According to a recommendation from The Information and Broadcasting ministry’s inter-ministerial committee, NDTV India is to be taken off air for 24 hours alleging that the news broadcasting channel revealed “strategically-sensitive information” while covering the anti-terror operations at the airbase in Pathankot earlier this year.

According to Hindustan Times, the committee found the channel guilty of violating the broadcast norms and relayed information that could affect national security.

The report said “…Such crucial information could have been readily picked by terrorist handlers and had the potential to cause massive harm not only to the national security, but also to lives of civilians and defence personnel.”

NDTV India had allegedly revealed details that were not included in the government briefing given during the attack, which include details of an arms cache, which are the ammunition stocked at the airbase, of fighter planes and MIGs.

During a siege violation, giving out specific details on the counter-terror operations or the area that is under attack violates the Cable Television Networks (Amendment) Rules, 2015, which prevents channels from displaying coverage of anti-terrorist operations live.

However, according to a statement released by NDTV, they claim that their coverage was “sober” and whatever they broadcasted was already available in public domain in print, digital and social media – or not any different from information displayed by other news channels.
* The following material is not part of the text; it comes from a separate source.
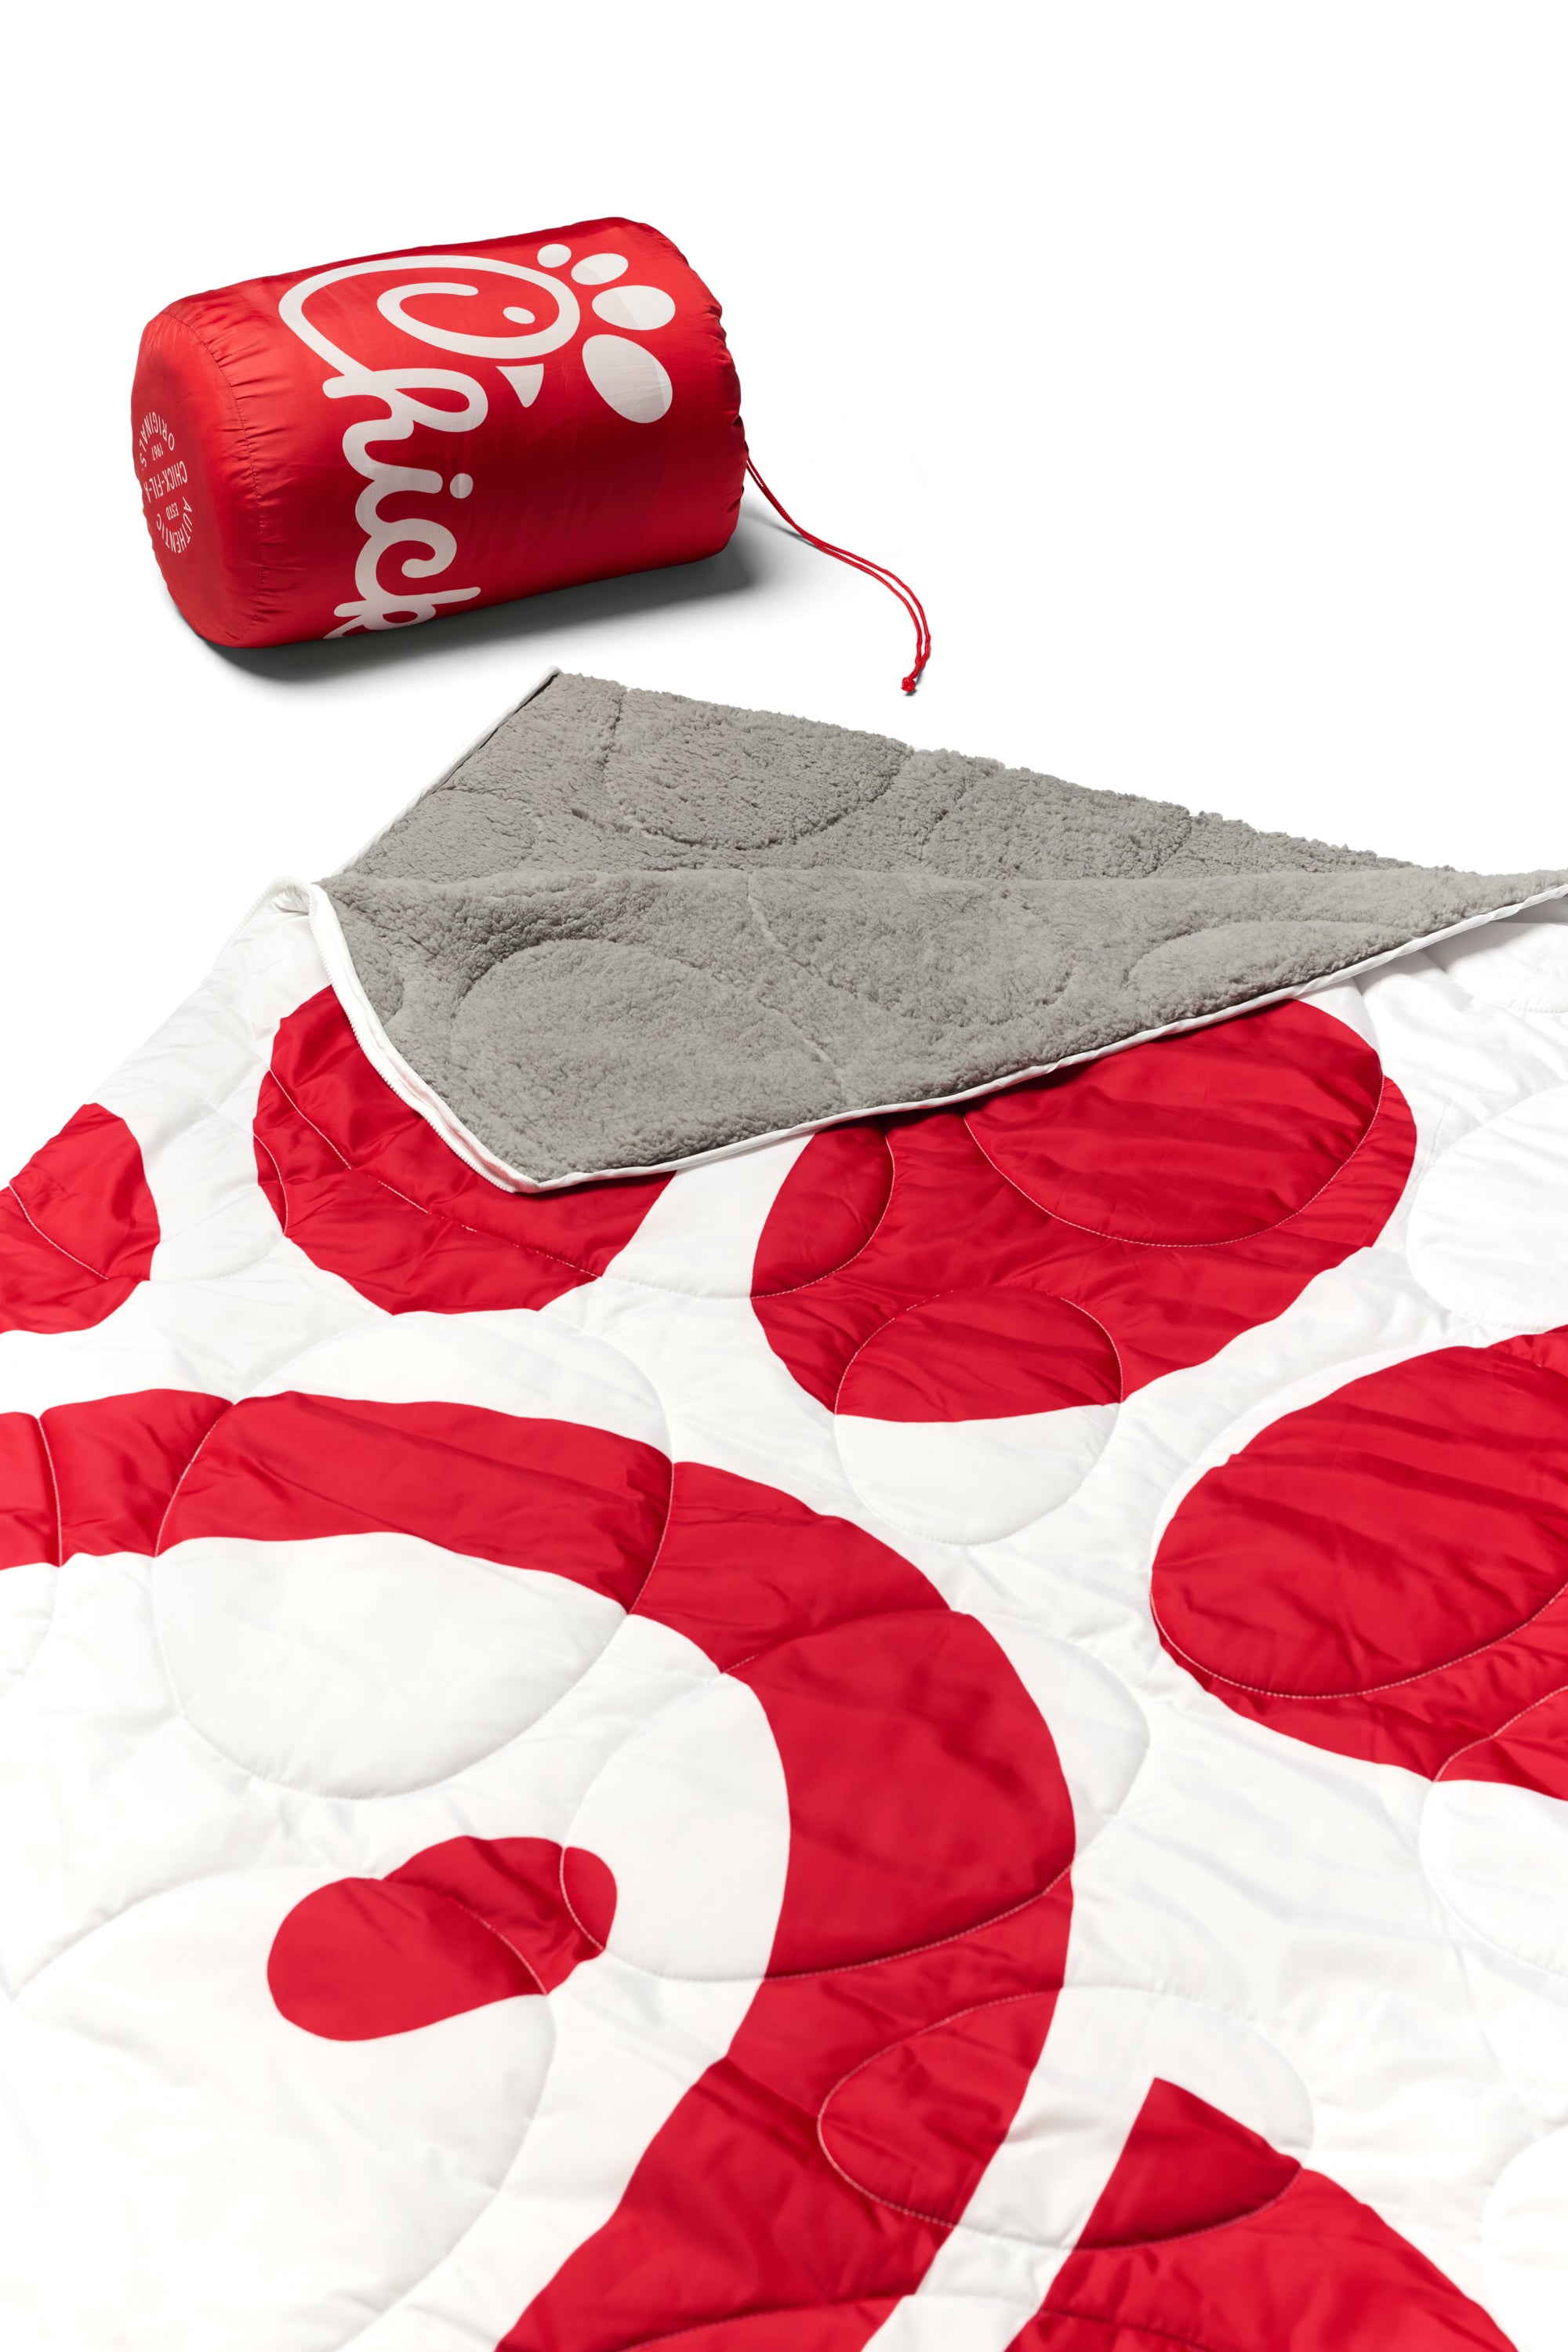 Chick-fil-A Sandwich Bag Indoor Sleeping Bag with the storage bag

They further added that it is shocking that they are being “singled out”, calling it a matter of “subjective interpretation”.

Now, the Editors Guild of India (EGI) has issued a statement which strongly criticises the ban and goes on to call it a “direct violation of the freedom of the media,” similar to the “harsh censorship imposed by the government [which was] reminiscent of the Emergency.” The guild has added that irresponsible coverage can also be dealt with legal provisions.

While his Union government, on Thursday, is trying to gag the media, on Wednesday, Narendra Modi himself reminded everyone about the dark days of India’s 1975 emergency – when civil liberties were largely curbed – saying, “Every generation must keep reflecting on the Emergency period in an unbiased manner so that no future political leader can even wish to commit the same sin.”

For showing an incorrect map of India, AL Jazeera was once kept off air for a period of five days. For similar violations, channels have been taken off air before; so far there have been 28 instances of this.

Broadcast Editors Association (BEA) has also asked for a report from NDTV, and told Hindustan Times that the content the channel had put out would be assessed alongside other media organisations before a conclusion is drawn.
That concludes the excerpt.